The Big Red then chose Soldier Field as its new home. This was when the north endzone seats were still right in front of the old Park District building. The place was too palatial, and the crowds were too sparse. Then, St. Louis approached Mrs. Wolfner about moving the team there. They eventually went there, as we all know.

Halas wanted the Big Red out of Chicago because he wanted all the Bears games on Chicago TV. Back then, both the Bears and Cardinals were in the NFL which was carried by CBS. The teams were scheduled such that one was at home with the other on the road each week. CBS would show the home game in Chicago, and Halas wanted the road games seen in Chicago. Halas basically greased the skids for the Big Red to leave.

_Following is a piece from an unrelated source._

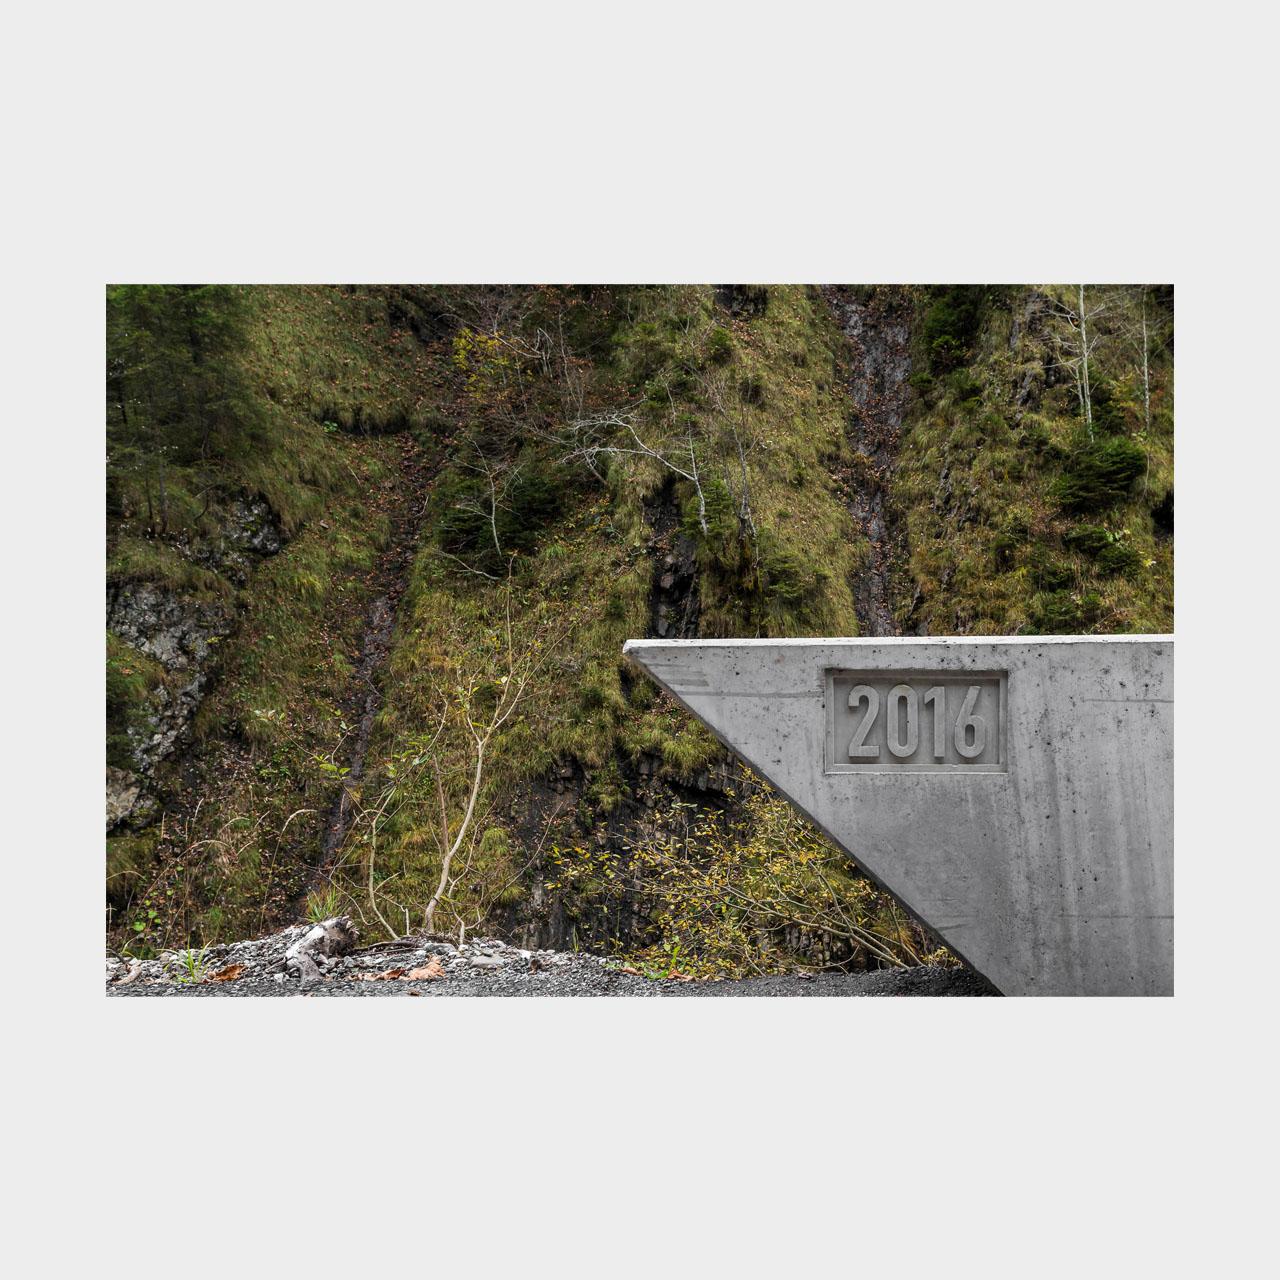 Architekturfotografie Schanerlochbrücke Ebnit

Another happened in 1950, when the NFL absorbed three AAFC teams
(the Browns, 49ers and original Colts) and realigned from East-West to
American and National Divisions. Halas was an NFL power broker on all
league matters. Well, when the divisions realigned the Cardinals and
Bears were placed in separate divisions, thus meaning that the would
play each other once a year instead of two. This setup hurt the Cardinals
because no matter how bad they were, they could always count on two
Bears games to bring in extra revenue.